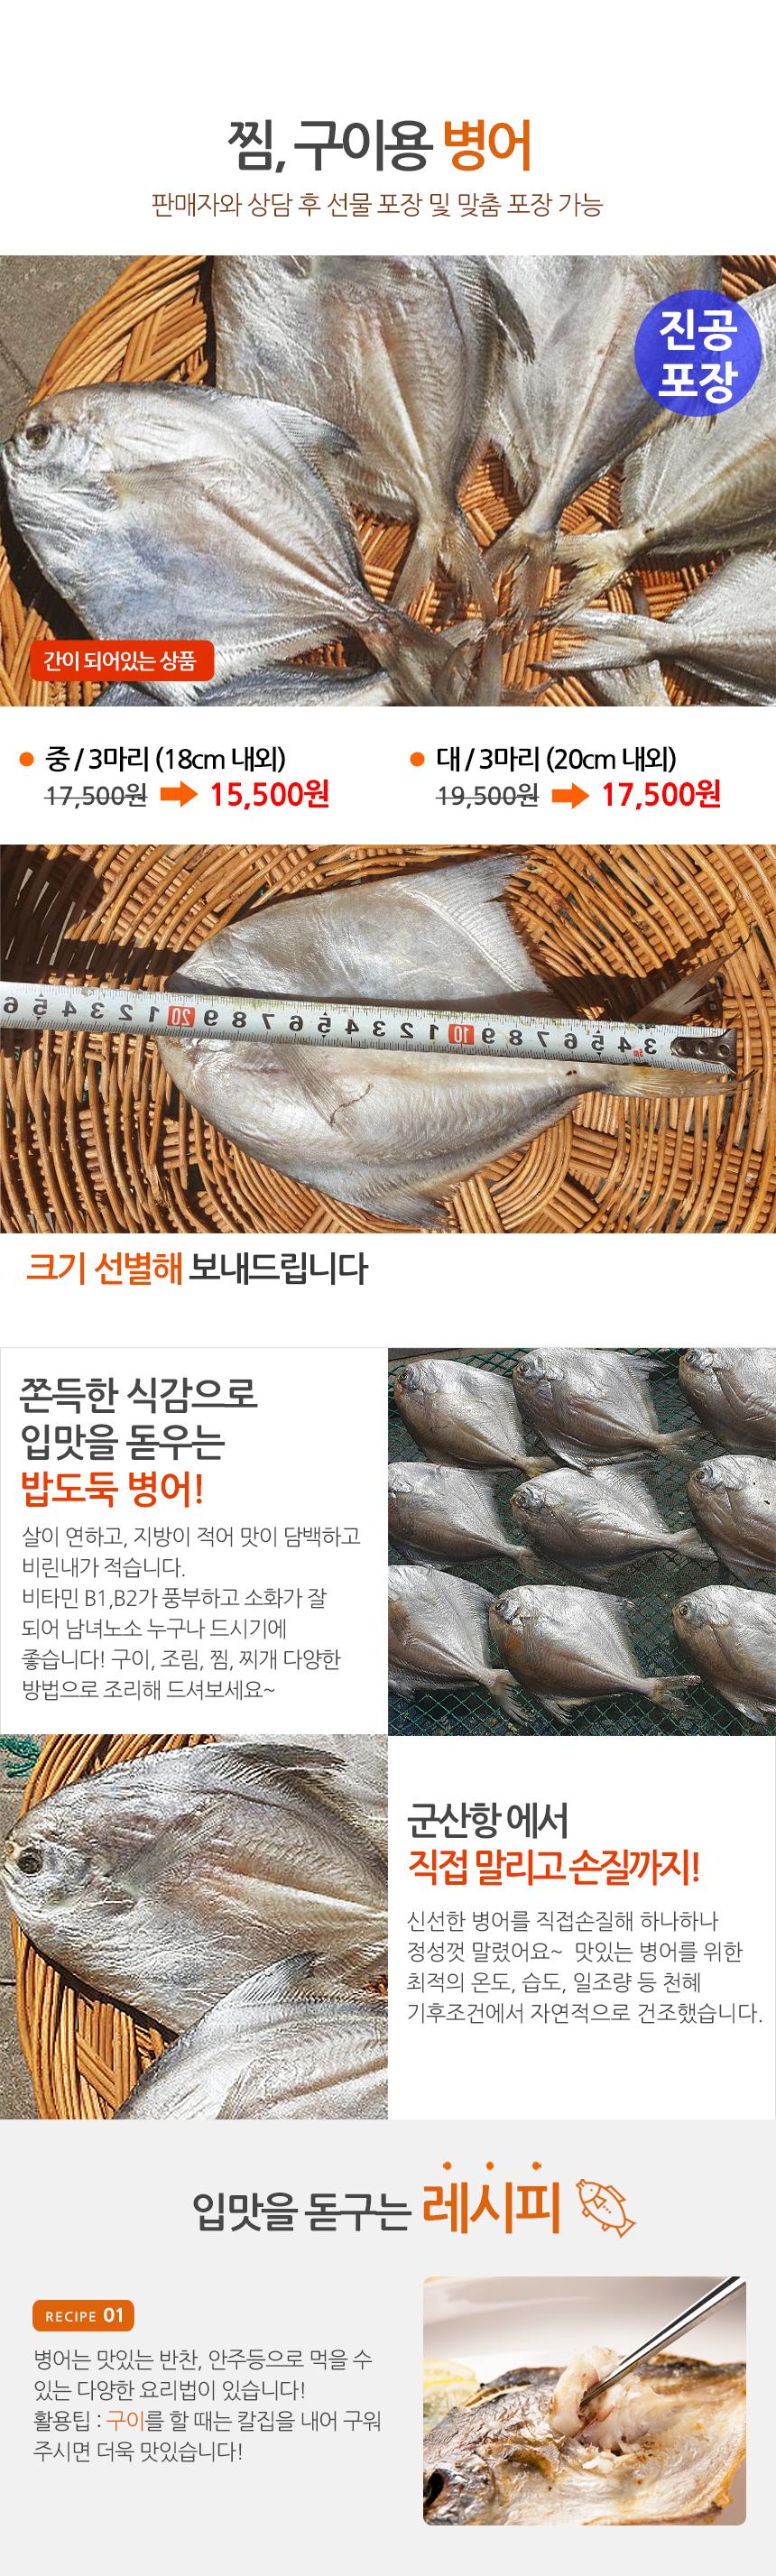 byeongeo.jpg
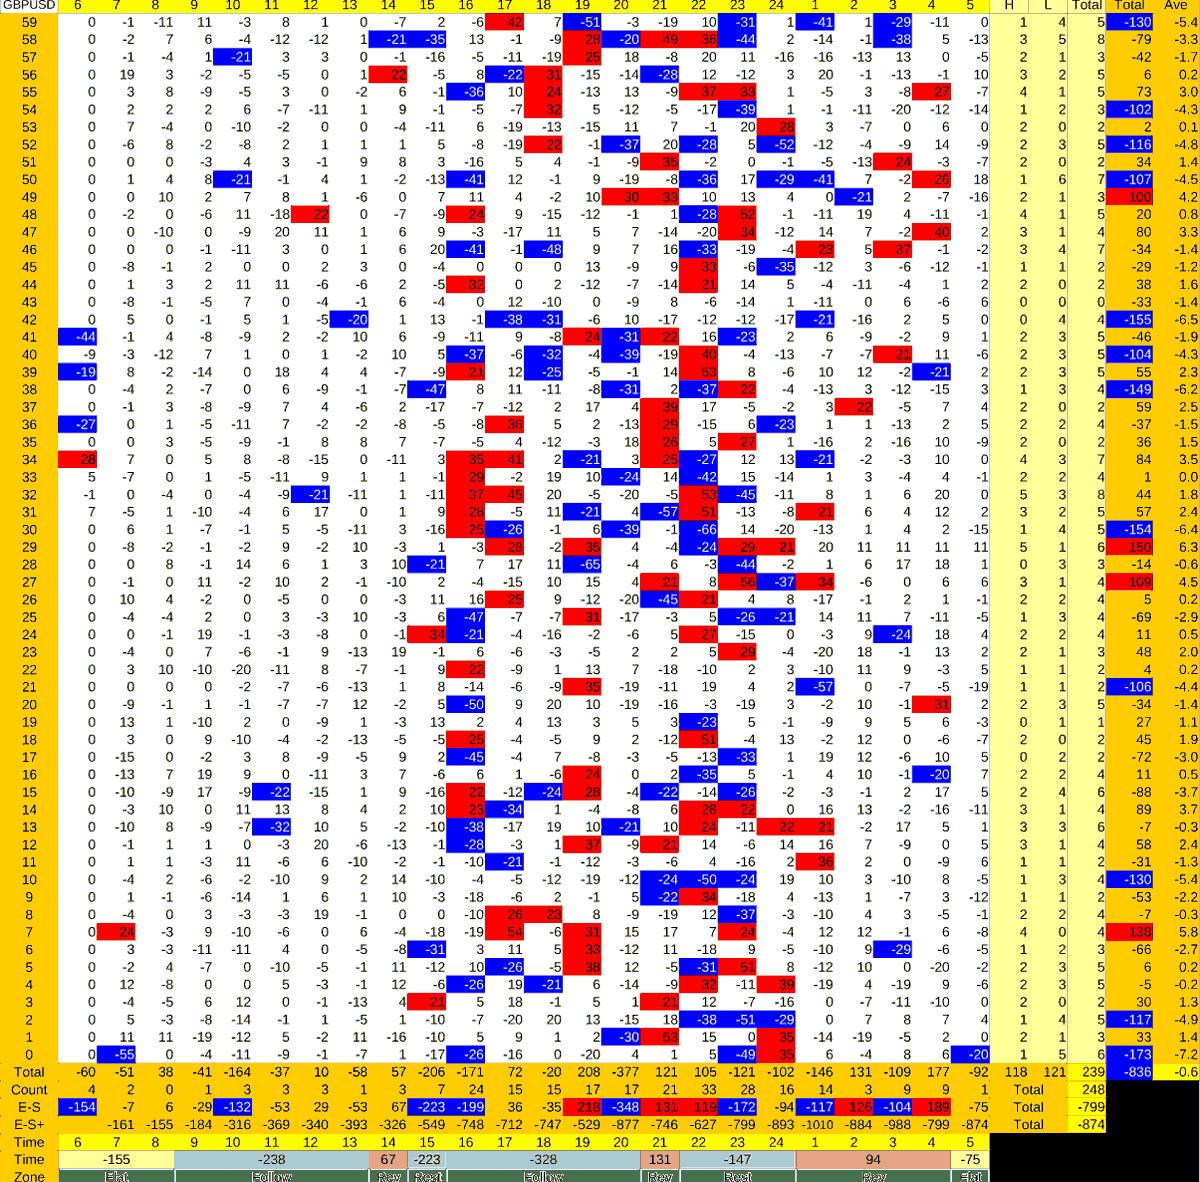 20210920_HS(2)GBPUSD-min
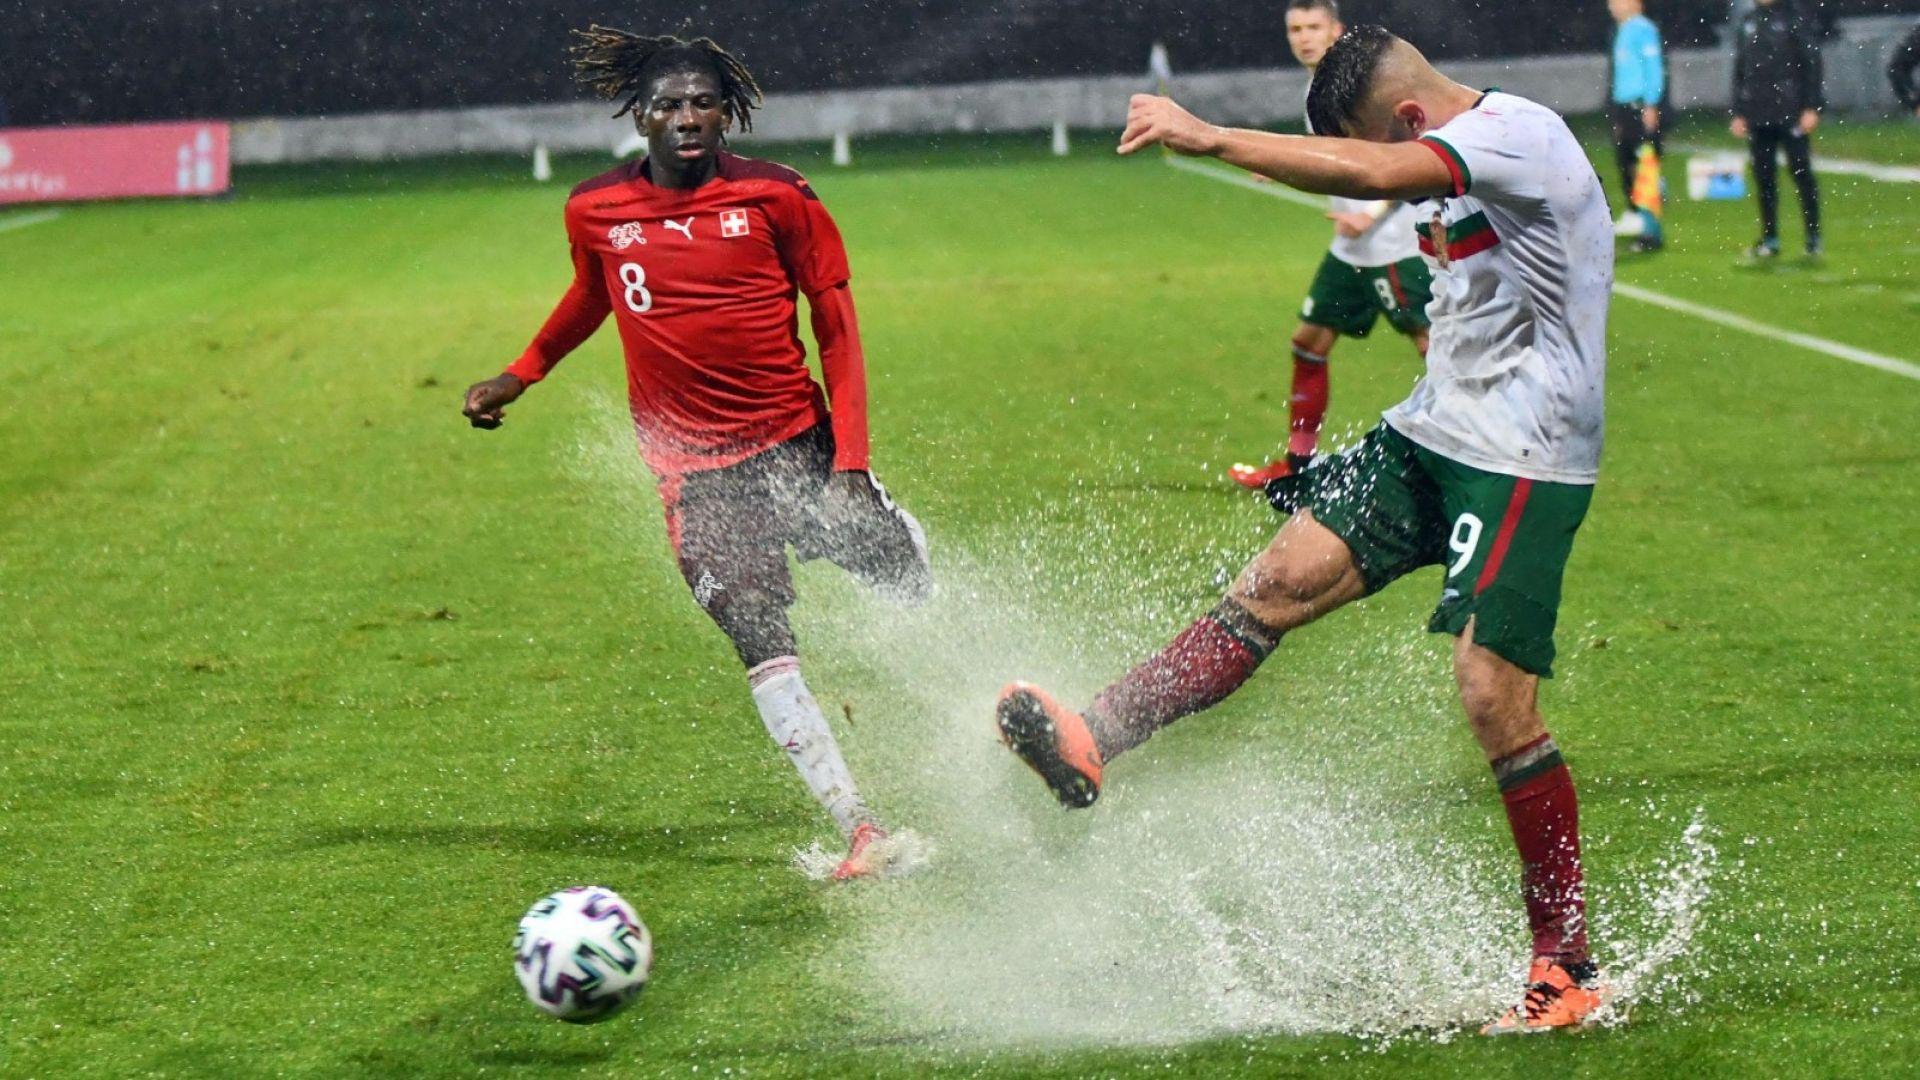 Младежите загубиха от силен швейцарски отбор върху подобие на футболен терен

WORK INSTRUCTIONS.
Where the line containing "20210920_HS(2)GBPUSD-min" appears, begin writing out the lines word for word, and continue through the last line of the data, leaving out pictures.

WRITTEN RESPONSE.
 20210920_HS(2)GBPUSD-min
 Младежите загубиха от силен швейцарски отбор върху подобие на футболен терен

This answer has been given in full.